YOUR ASSIGNMENT:
Output the data that follows, keeping every line identical.

DATA PROVIDED:
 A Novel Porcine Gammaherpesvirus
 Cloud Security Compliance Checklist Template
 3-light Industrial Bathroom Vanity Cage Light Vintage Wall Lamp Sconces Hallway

ANSWER:
 A Novel Porcine Gammaherpesvirus
 Cloud Security Compliance Checklist Template
 3-light Industrial Bathroom Vanity Cage Light Vintage Wall Lamp Sconces Hallway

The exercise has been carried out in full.